Вся трудная и честная жизнь Танабая проходит перед нами. Он верит в
жизнь и любит ее, любит людей и труд; он идет навстречу самым сложным
испытаниям, завоевывает трудные победы. Таким закалила его партия, укрепила
его на путях добра, справедливости, лютой ненависти к обману, подхалимству,
очковтирательству. "Огненным духом бега" исполнен и любимый конь Танабая
буланый иноходец Гульсары, широкая грудь которого "доверчиво открыта
вольному степному ветру". Айтматов свое произведение назвал по имени коня:
художник ощутил что-то близкое, созвучное в характере Танабая и его друга
Гульсары - те же благородство, верность, прямота, огненный бег,
самозабвенная храбрость и бескорыстность...
Шли годы, полные напряженной работы, озаренные светлой радостью труда,
общения с людьми, радостью созидания, годы духовного обогащения самого
Танабая. Радость сменялась долгими и мучительными размышлениями,
невыносимой болью от незаслуженных ударов, когда, казалось бы, рушится все
святое, все, во имя чего жил и горел Танабай. Его несправедливо исключают
из партии; карьеристы и подлецы делают из Танабая чуть не уголовного
преступника, "врага народа". Что может быть больнее, страшнее этого? И все
же вера в народ, в партию, в справедливость не покидает благородного
человека.
Семь лет спустя после исключения из партии встретился Танабай с бывшим
комсомольским секретарем, теперь секретарем райкома партии Керимбековым,
который когда-то на бюро райкома смело защищал Танабая. Теперь он
предлагает: "Возвращайтесь в партию!" И Танабай, который вначале отвечает:
"Стар я уже. Какой толк теперь от меня партии? Что я могу сделать для нее?"
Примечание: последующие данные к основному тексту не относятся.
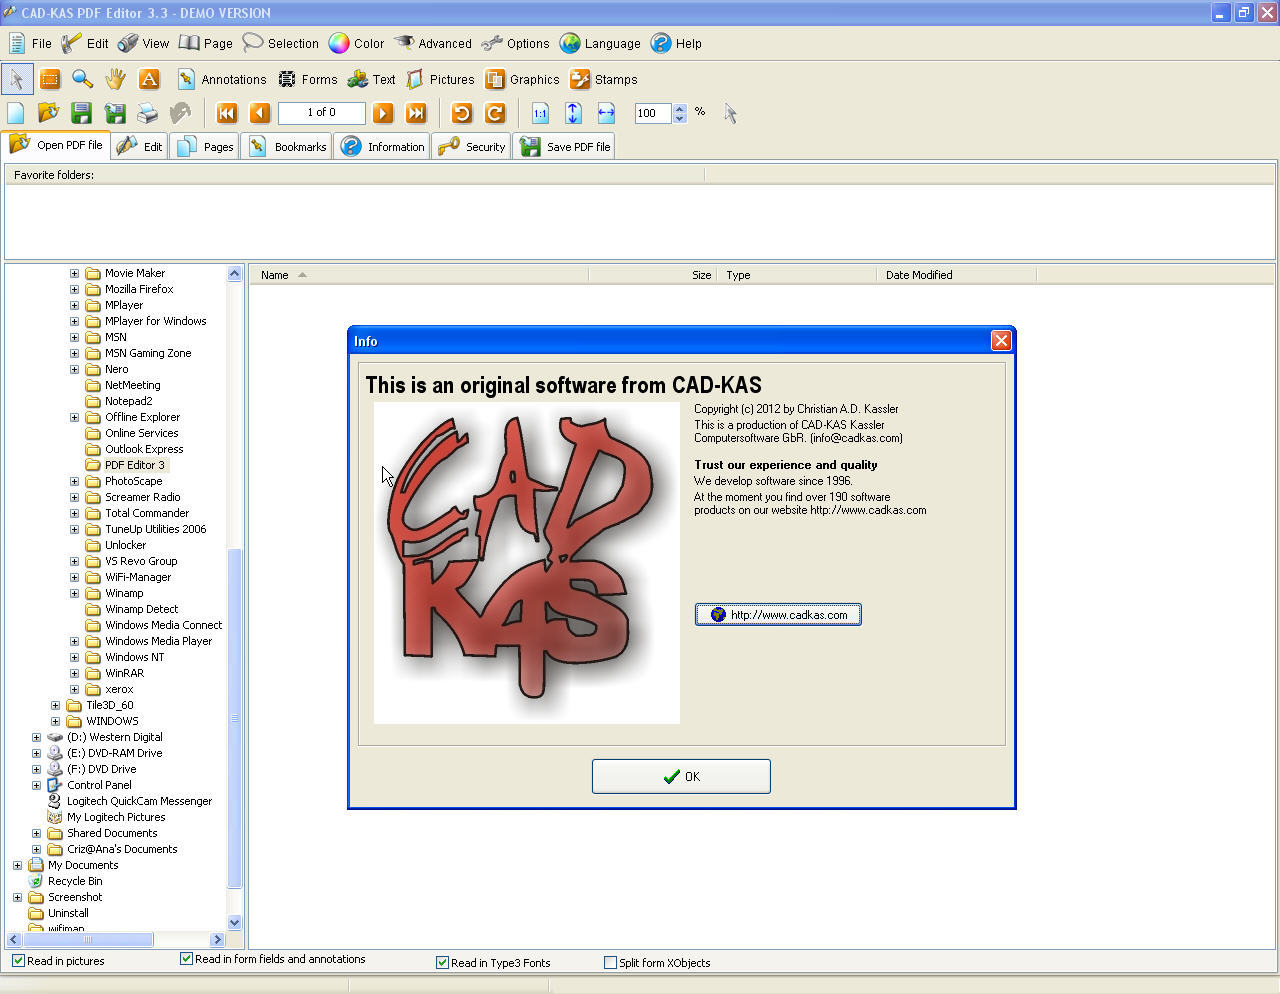 PDF Editor 3.3 : Main window

- подводя затем итог своей жизни, приходит к выводу, что он не хочет, не
может умирать "одинокой птицей, отбившейся от своей быстрокрылой стаи": ему
необходимо вернуться в партию, быть в ее рядах до конца.
Жизнь Танабая не прошла даром, его духовное богатство остается людям.
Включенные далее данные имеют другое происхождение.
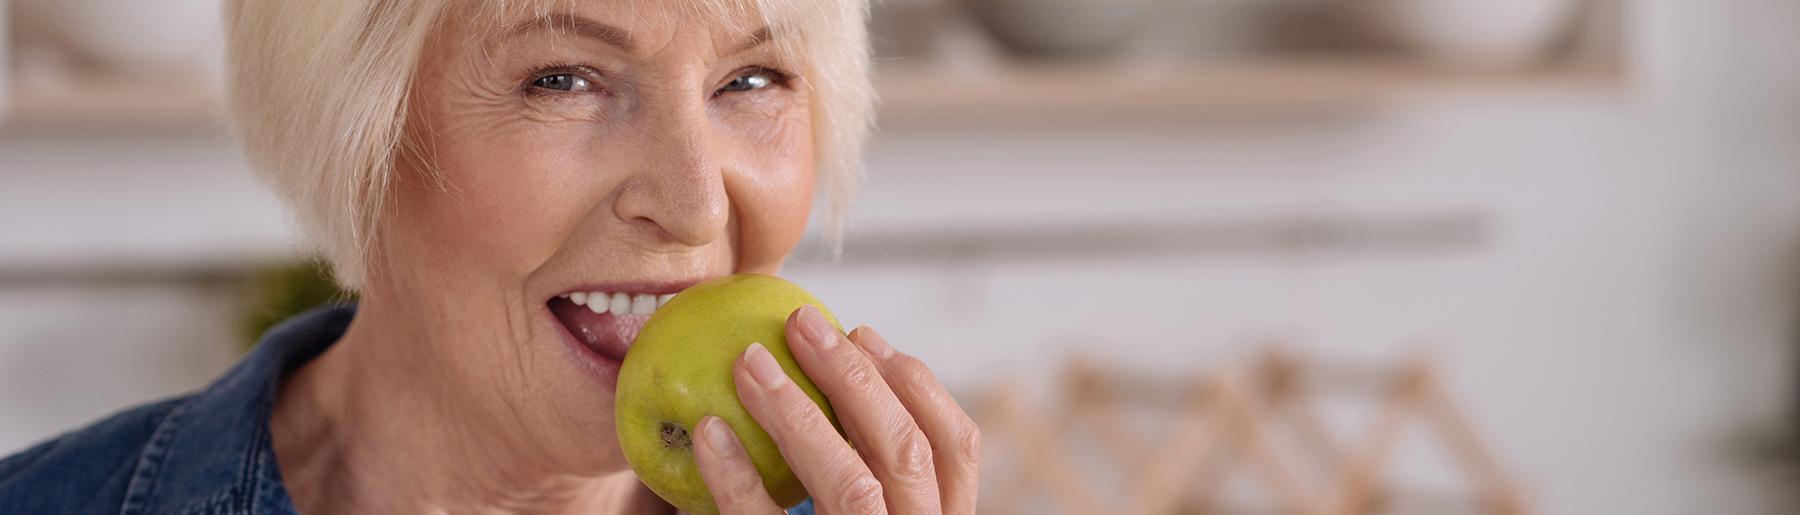 Woman biting in apple

В этом сила таких людей, как Танабай, их жизненная несокрушимость.
Нельзя без волнения читать повесть Чингиза Айтматова "Белый пароход",
опубликованную в журнале "Новый мир" в 1970 году. Как будто все тут так
просто, обыденно, но как глубоко тревожит она человеческое сердце...
Действие происходит на глухом лесном кордоне, высоко в горах, далеко
от обжитых мест. Природа тут дикая, заповедная. Камни-валуны, вечно ревущая
река, снеговые вершины, с которых ветер срывает шквальные метели. Здесь и
приютился маленький поселок: объездчик Орозкул, тетка Бекей, его жена,
старик Момун и его старуха, а также внучек Момуна - семилетний мальчишка "с
оттопыренными ушами", худенький, тщедушный фантазер и мечтатель. Он живет
один среди взрослых, без друзей, без матери и отца; он "брошенный". Любит и
жалеет его только дед Момун - добрый, но слабохарактерный, безвольный.
Другим взрослым до мальчишки дела нет.
Вот только пьяница, драчун и деспот всего поселка Орозкул ненавидит и
презирает беззащитного малыша. Он издевается и над дедом, и над своей
женой, но особенно ненавистен ему мальчишка с чистой и светлой душой.
Орозкул убивает Рогатую Мать-олениху, перед которой мальчик благоговел, он
уничтожает все живое, чему так радовался мальчик. И никто не в силах
заступиться, ибо здесь, в глуши, Орозкул "начальствует"...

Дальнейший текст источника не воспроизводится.